CHICAGO (STMW) -- Chicago's new top federal prosecutor says Mayor Rahm Emanuel was unfair to criticize federal efforts to tackle gun crime and has warned, "We are not going to arrest our way out of the gang problem in Chicago."

Giving his first interview since he was finally confirmed by the Senate last month, Zach Fardon showed a willingness to stand up to the politicians who've put huge public pressure on him to do more to tackle the street violence plaguing Chicago's South and West Sides.

Though the 47-year-old new U.S. Attorney said that was a "major priority" for him and that he'd lost sleep over the deaths of innocent children caught in gang crossfire, he added, "I do not believe federal law enforcement is the panacea" and called for creative solutions tothe "causes of the gang problem in Chicago . . . poverty, education, lack of job opportunities and sometimes failures in parenting."

He refused to make violent crime a higher priority than tackling political corruption, which he said had a "sad, even tragic" history in Illinois.

And he said he'd personally called out Emanuel during a "positive, cordial conversation" for recently telling the Chicago Sun-Times that the feds do a "horrible" job prosecuting gun crime.

"I do not think that's fair and I respectfully disagree with him and I have told him as much," he said of Rahm's comments, adding, "I'm proud of what we've done."

Federal prosecutors have long been irked by Emanuel and his predecessor Mayor Richard M. Daley's insinuations that they haven't pitched in against gangs.

While public corruption cases hog the headlines, four times as many federal prosecutors are assigned to gang, gun and drug cases in Chicago. That was a point Fardon made again Wednesday, even as he warned that a long-standing federal hiring freeze risks driving his understaffed office to the breaking point.

Fardon said the "federal hammer of incarceration" would continue to hit gangs but that he supported Attorney General Eric Holder's calls for less severe sentences in non-violent drug cases.

He said he'd never met President Barack Obama, Emanuel or either of Illinois' Senators before he applied for the U.S. Attorney's job, describing himself as someone with "zero clout" or political ambitions, and pooh-poohing any suggestion that improper political considerations would affect his decisions who to prosecute.

Though he was careful not to directly criticize U.S. Sen.

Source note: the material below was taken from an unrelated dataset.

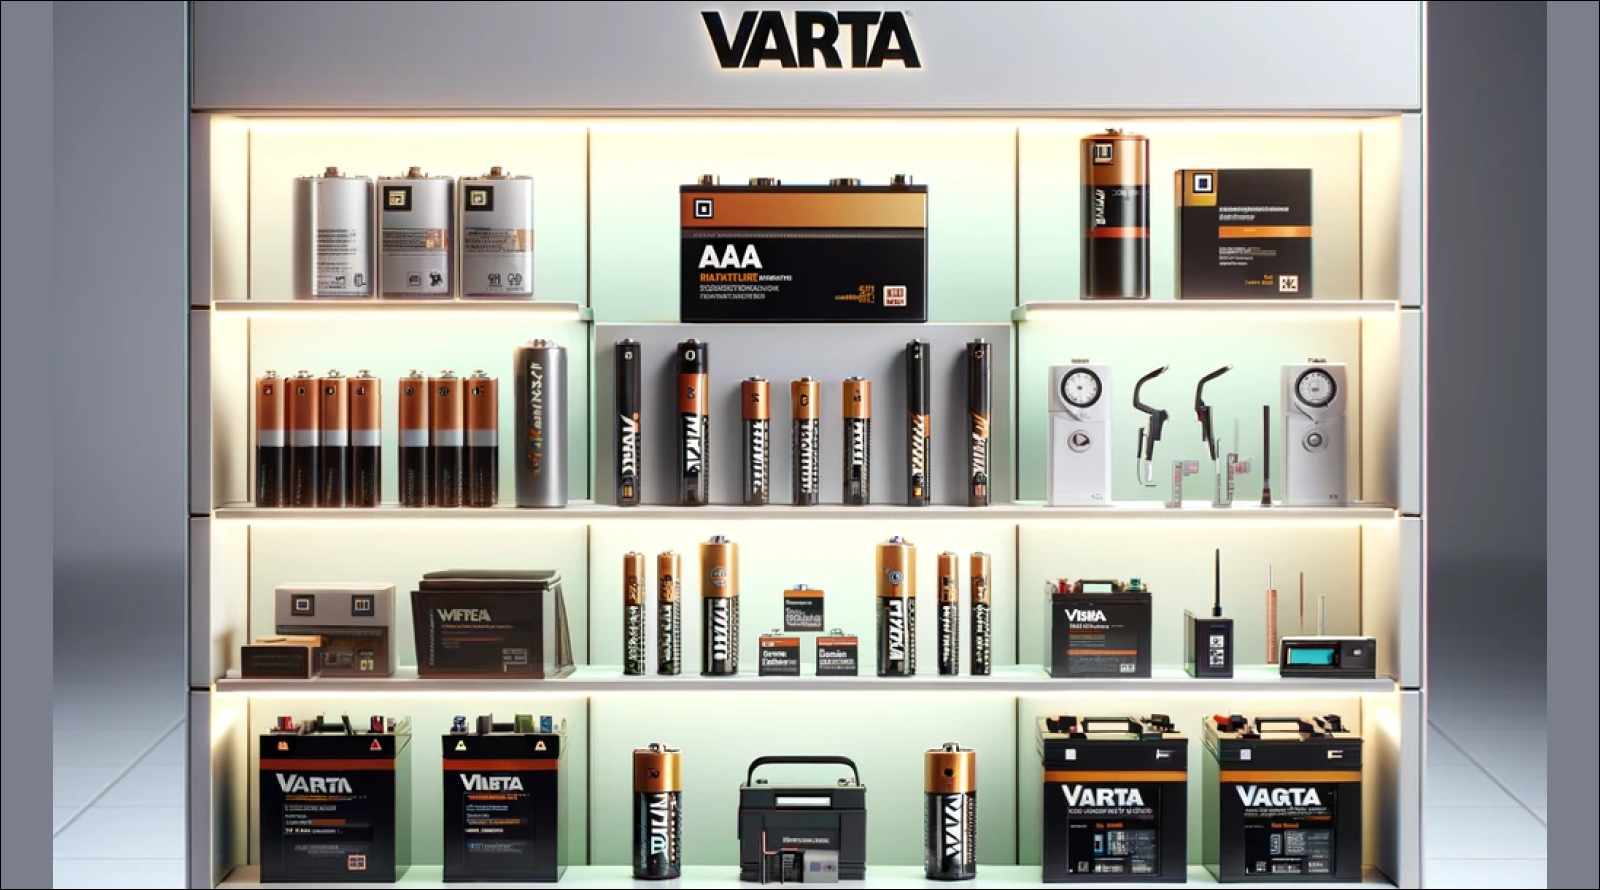 eine Auswahl von Varta-Produkten, darunter verschiedene Batterietypen und Elektronikzubehör, die auf einem beleuchteten Verkaufsregal präsentiert werden

Mark Kirk (R-Ill), who was widely ridiculed when he called for mass arrests of all 18,000 alleged members of Chicago's biggest street gang this summer, his comments clearly ruled out any such approach.

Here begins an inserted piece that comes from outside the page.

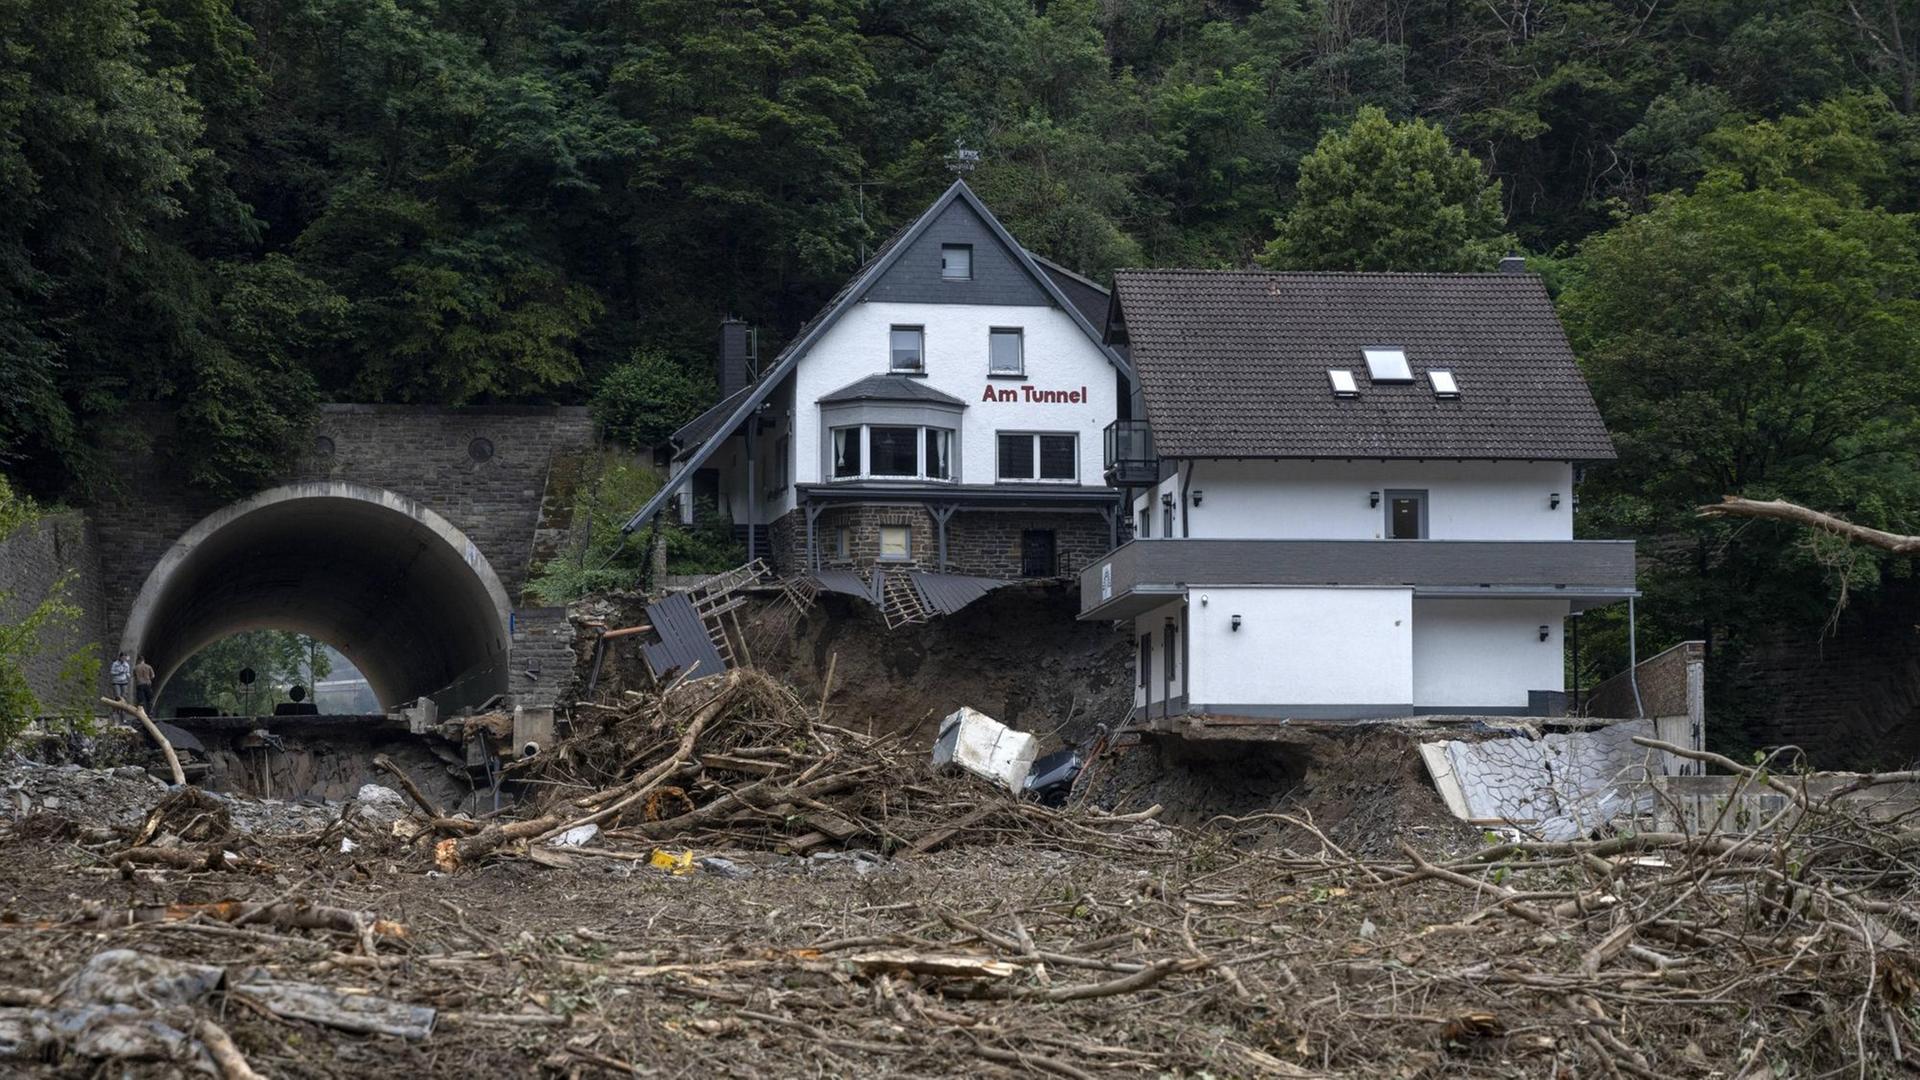 Ein Haus mit der Beschriftung "Am Tunnel", von dem ein großer Teil des Unterschosses und des Hanges, auf dem es steht, weggeschwemmt wurde.

Fardon, who ran the Boston marathon earlier this year, also revealed he was "profoundly impacted" by the bombings there, which he said proved the value of the controversial prosecutions of teenage wannabe terrorists in Chicago.

And he urged the public to share allegations of public corruption, saying "we need people to come forward."

Asked if that meant his office — which has been through a relatively quiet year since his lauded predecessor Pat Fitzgerald stood down — doesn't have any big cases cooking, his tone became indignant for the only time in the hourlong interview.

"I did not say that at all!" he said.